Abstract
Background:
The 13C urea breath test (13C-UBT) is the gold standard for detecting Helicobacter pylori infection. H. pylori pathogenesis in patients with hepatitis B virus (HBV) and related diseases remains obscure. We used 13C-UBT to detect H. pylori infection in patients with chronic HBV infection, HBV-related cirrhosis, HBV-related hepatic carcinoma, and other chronic hepatic diseases.
Methods:
A total of 131 patients with chronic hepatitis B (HB), 179 with HBV-related cirrhosis, 103 with HBV-related hepatic carcinoma, 45 with HBV-negative hepatic carcinoma, and 150 controls were tested for H. pylori infection using 13C-UBT. We compared H. pylori infection rate, liver function, complications of chronic hepatic disease, serum HBV-DNA, serum alpha-fetoprotein (AFP), and portal hypertensive gastropathy (PHG) incidence among groups.
Results:
HBV-related cirrhosis was associated with the highest H. pylori infection rate (79.3%). H. pylori infection rate in chronic HB was significantly higher than in the HBV-negative hepatic carcinoma and control groups (P < 0.001). H. pylori infection rate in patients with HBV-DNA ≥103 copies/ml was significantly higher than in those with HBV-DNA <103 copies/ml (76.8% vs. 52.4%, P < 0.001). Prothrombin time (21.3 ± 3.5 s vs. 18.8 ± 4.3 s), total bilirubin (47.3±12.3 μmol/L vs. 26.6 ±7.9 μmol/L), aspartate aminotransferase (184.5 ± 37.6 U/L vs. 98.4 ± 23.5 U/L), blood ammonia (93.4 ± 43.6 μmol/L vs. 35.5 ± 11.7 μmol/L), and AFP (203.4 ± 62.6 μg/L vs. 113.2 ± 45.8 μg/L) in the 13C-UBT-positive group were significantly higher than in the 13C-UBT-negative group (P < 0.01). The incidence rates of esophageal fundus variceal bleeding (25.4% vs. 16.0%), ascites (28.9% vs. 17.8%), and hepatic encephalopathy (24.8% vs. 13.4%) in the 13C-UBT-positive group were significantly higher than in the 13C-UBT-negative group (P < 0.01).
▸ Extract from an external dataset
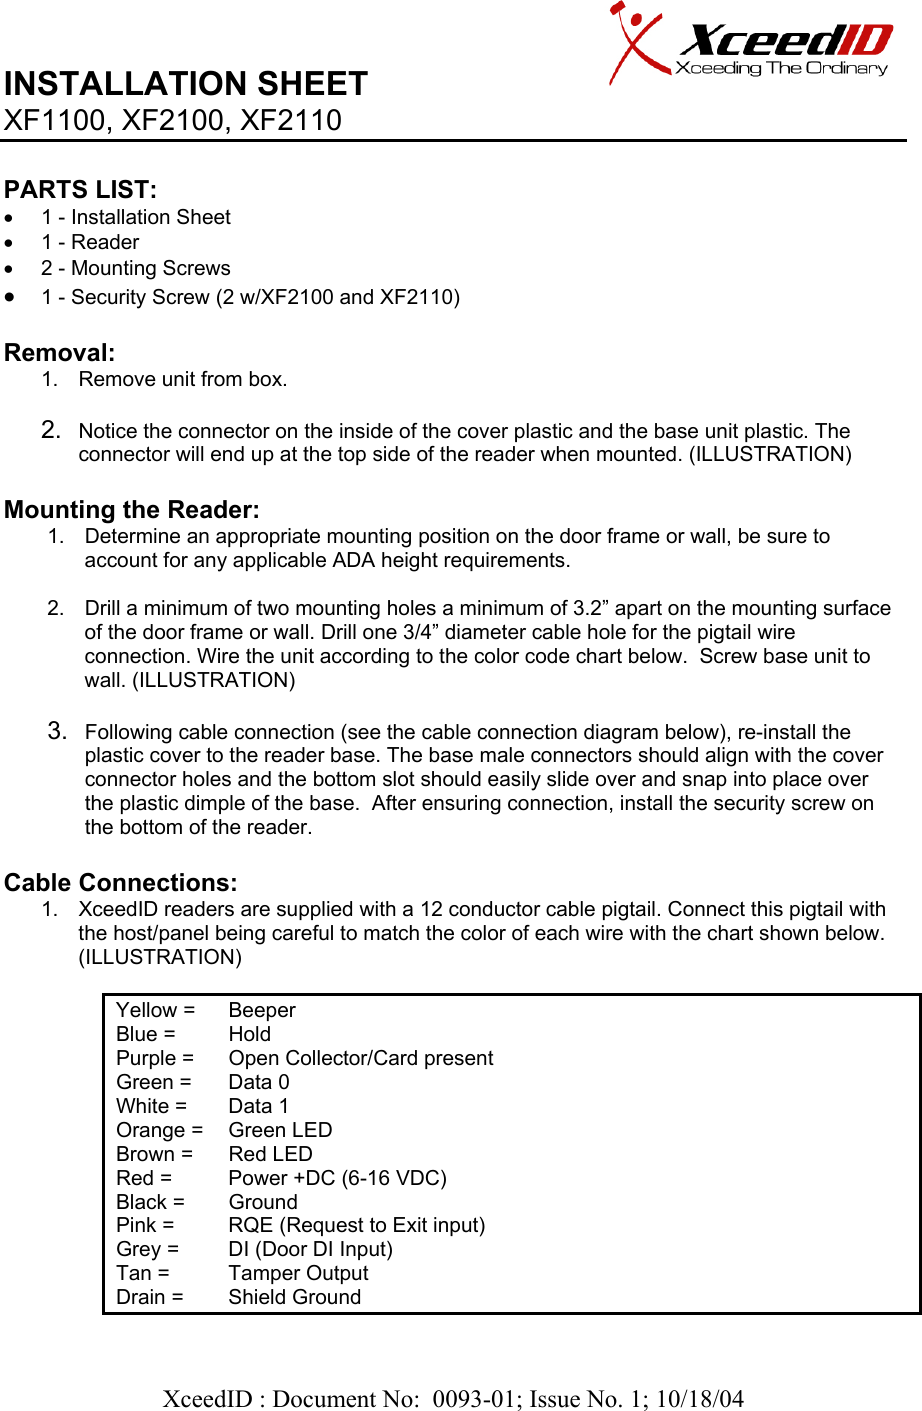   XceedID : Document No:  0093-01; Issue No. 1; 10/18/04   INSTALLATION SHEET                     XF1100, XF2100, XF2110     PARTS LIST:      •  1 - Installation Sheet •  1 - Reader •  2 - Mounting Screws • 1 - Security Screw (2 w/XF2100 and XF2110)  Removal:  1.  Remove unit from box.  2.  Notice the connector on the inside of the cover plastic and the base unit plastic. The connector will end up at the top side of the reader when mounted. (ILLUSTRATION)  Mounting the Reader: 1.  Determine an appropriate mounting position on the door frame or wall, be sure to account for any applicable ADA height requirements.  2.  Drill a minimum of two mounting holes a minimum of 3.2” apart on the mounting surface of the door frame or wall. Drill one 3/4” diameter cable hole for the pigtail wire connection. Wire the unit according to the color code chart below.  Screw base unit to wall. (ILLUSTRATION)  3.  Following cable connection (see the cable connection diagram below), re-install the plastic cover to the reader base. The base male connectors should align with the cover connector holes and the bottom slot should easily slide over and snap into place over the plastic dimple of the base.  After ensuring connection, install the security screw on the bottom of the reader.  Cable Connections: 1.  XceedID readers are supplied with a 12 conductor cable pigtail. Connect this pigtail with the host/panel being careful to match the color of each wire with the chart shown below. (ILLUSTRATION)              Yellow =   Beeper Blue =   Hold Purple =   Open Collector/Card present  Green =   Data 0 White =   Data 1 Orange =   Green LED Brown =   Red LED Red =   Power +DC (6-16 VDC) Black =   Ground Pink =   RQE (Request to Exit input) Grey =   DI (Door DI Input) Tan =   Tamper Output Drain =   Shield Ground

The percentages of patients with liver function in Child-Pugh Grade C (29.6% vs. 8.1%) and PHG (43.0% vs. 24.3%) in the 13C-UBT-positive group were significantly higher than in the 13C-UBT-negative group (P < 0.05).
Conclusions:
It is possible that H. pylori infection could increase liver damage caused by HBV. H. pylori eradication should be performed in patients with complicating H. pylori infection to delay hepatic disease progression.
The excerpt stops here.